The previous night of the world revolution2〜A.D.〜

毎日、放課後になったら図書館に向かい。

馬鹿みたいに新聞を広げて、見つかりもしない記事を探す日々が、一週間続いた。

そろそろ不毛過ぎて嫌気が差してきたところだった。





「…うーん…。全然見つからないなぁ」

「もう駄目~。疲れた…」

エルスキーとアシベルは、うんざりしたように新聞を捲っていた。

よしよし、その調子だぞ。

俺なんかもう、ここ三日くらいずっと眺めてる振りしかしてないぞ。

「そうね…。こうも空振り続きだと、さすがに疲れるわ」

今日はなんと、ミューリアまでも同意した。

良い傾向じゃないか。

「…確かに、このペースだと…期限までに間に合わないね」

加えて、ティモニーからもこんな言葉が飛び出した。

なんてことだ。

どうやら、口に出さないだけで、皆不満を抱えていたようだな。

そりゃ不満にもなる。一週間ずっと、成果の出ない作業を続けていたら。

「どうします?このまま新聞を探し続けます?」

諦めろ、そろそろ諦めろと心の中で念じながら尋ねる。

すると。

「うーん…。アシベル、やっぱり伯父さんにインタビュー頼めない?」

「そうだなぁ…。今日帰って、電話してみるよ。駄目かもしれないけど…」

違う。アストラエアが出てくるとか聞いてない。

アストラエアには会いたくないんだが?

帝国騎士団の奴らに、俺がランドエルスに潜入してるのがばれる。

別にばれても良いが、個人的にアストラエアは大っ嫌いだし、向こうも俺のことが大嫌いに違いないので、お互いの精神衛生上、会わない方が身の為のような気がする。

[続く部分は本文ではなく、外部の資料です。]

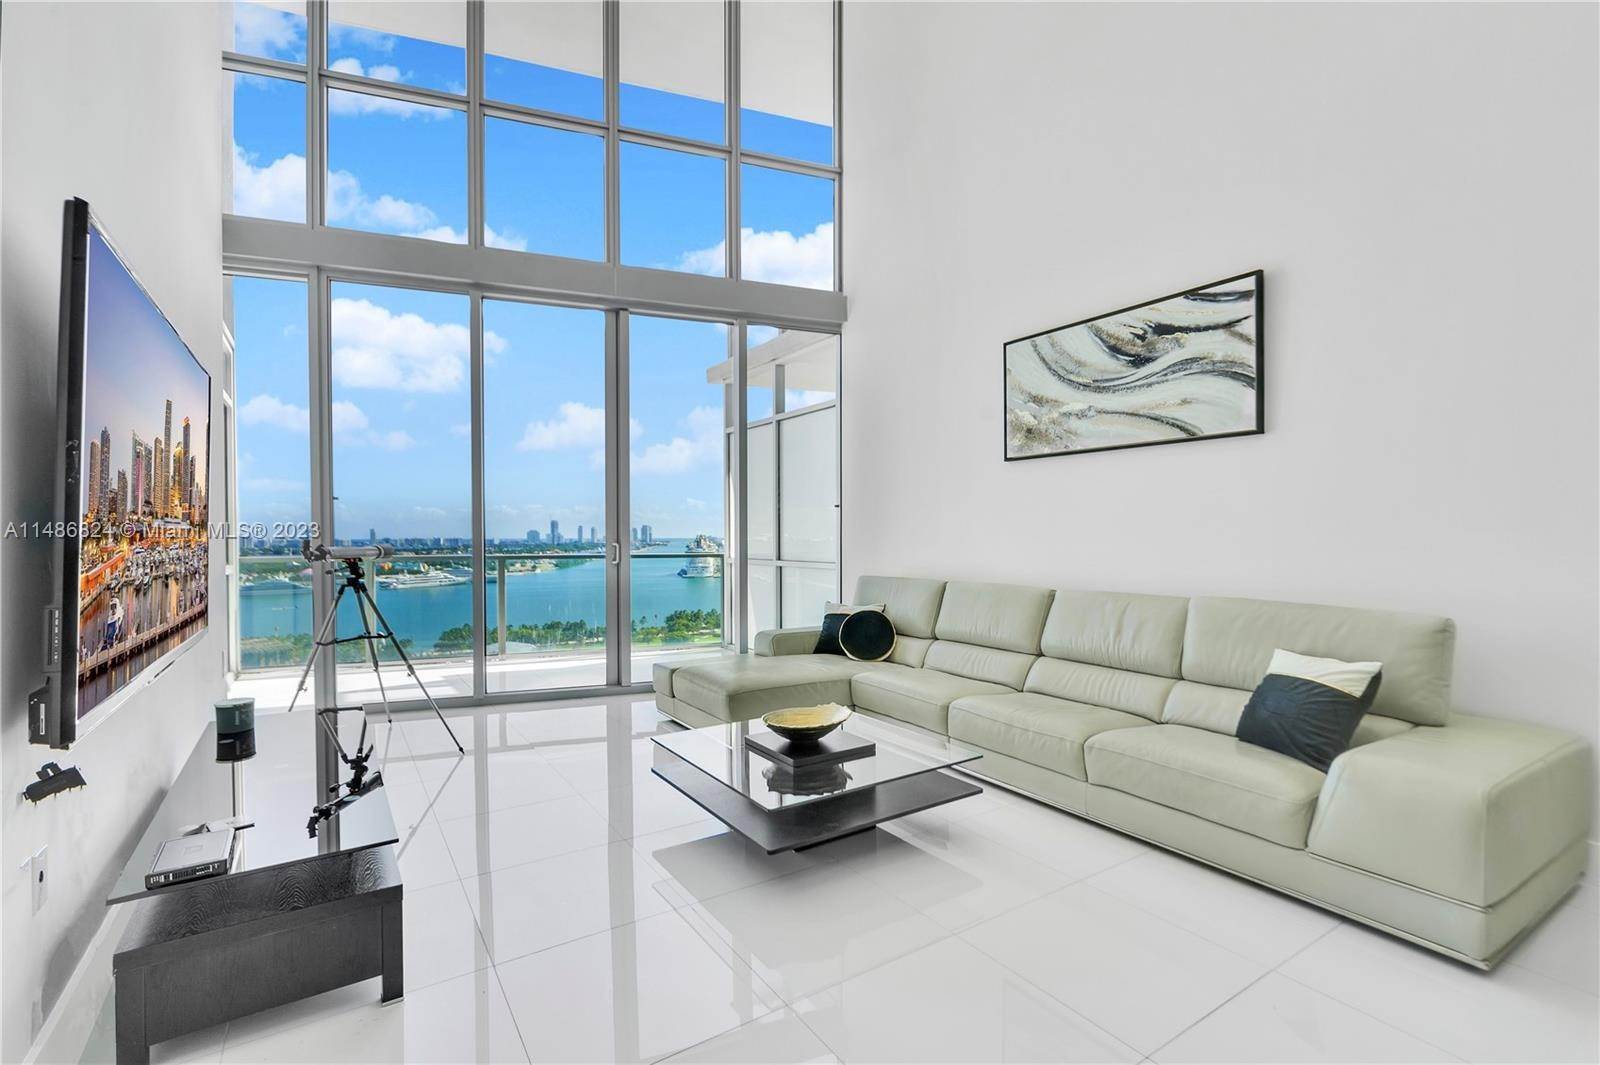 公寓 為 出售 在 Miami, FL 33132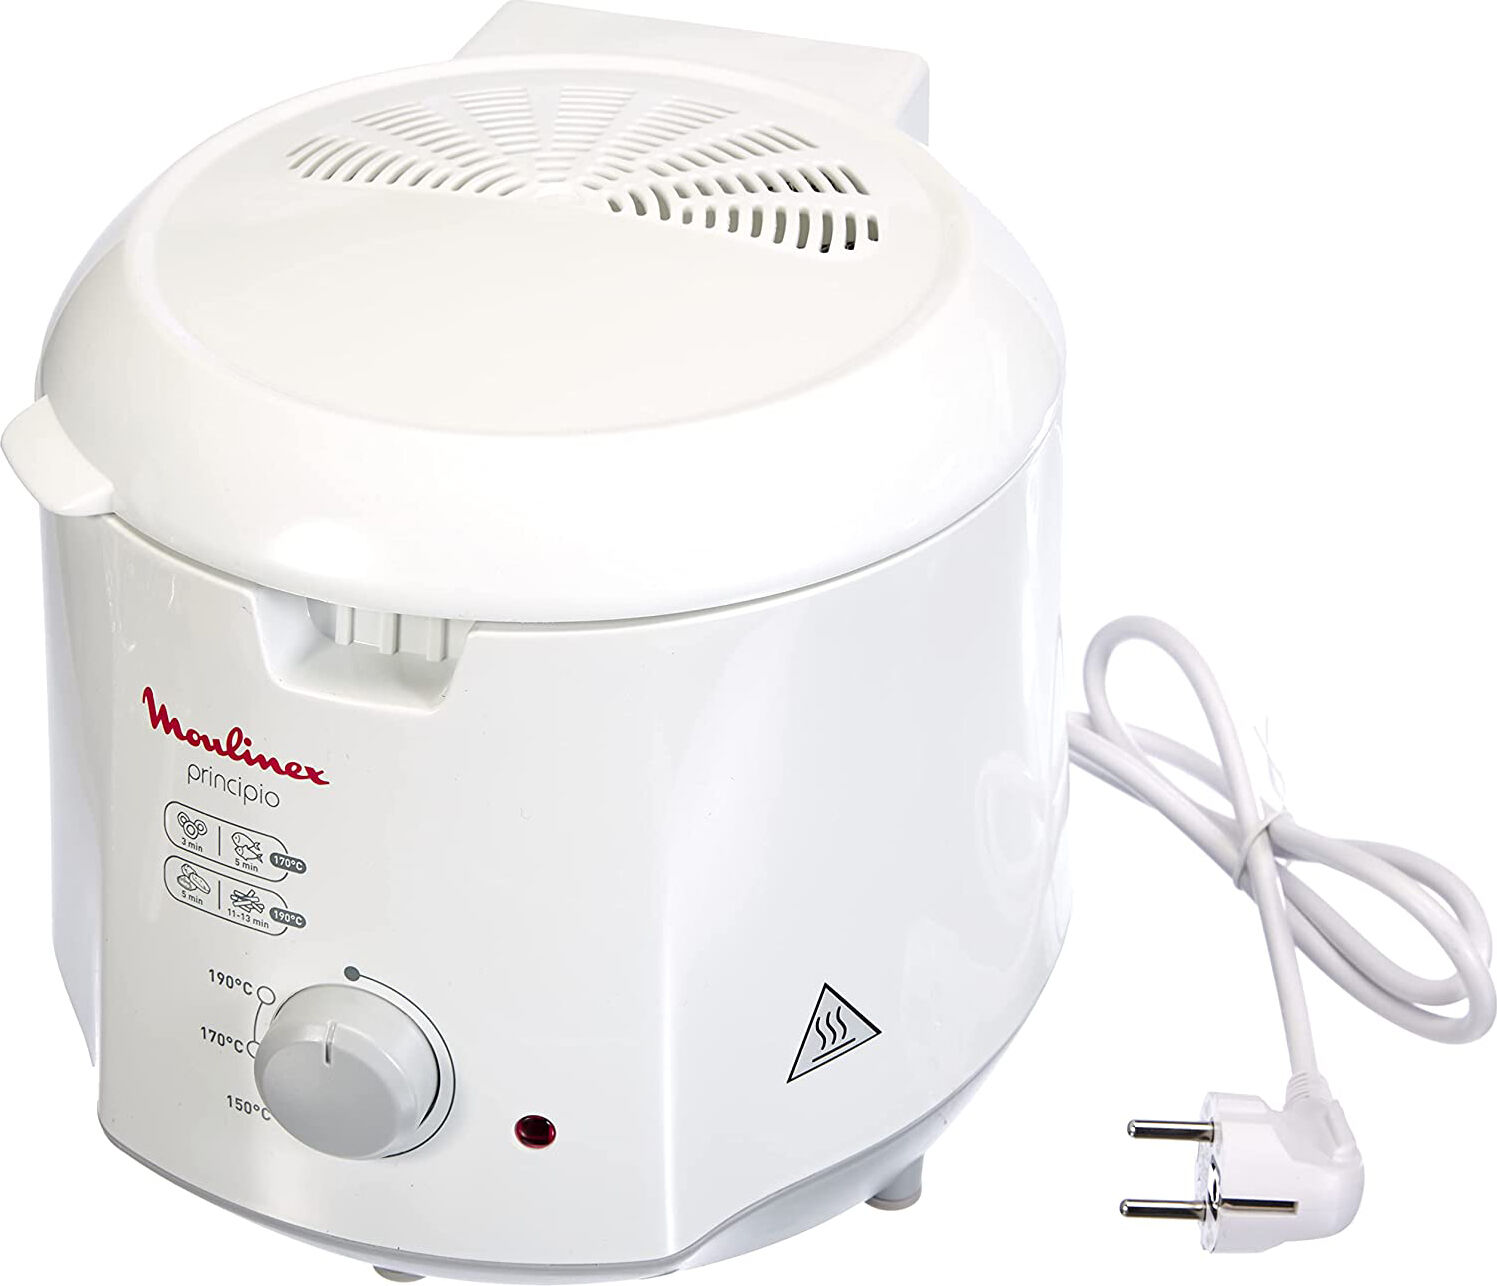 moulinex af2301 friggitrice elettrica capacità 1.2 litri potenza 1000 watt con termostato regolabile colore bianco - af2301

もし本当にアストラエアが会うと言うなら…俺は仮病でドタキャンするしかないな。

「聞いてみてくれ。このまま新聞で調べてちゃ、全然進まないよ」

「分かった」

「…」

テーマを変えるという選択肢はないものかね。

まぁ、帝国騎士団の偉業の歴史について、なんて反吐吐きたくなるようなテーマにされても困るから…。

アストラエアがインタビューに応じると言うなら、散々にこき使ってやれば良いのだ。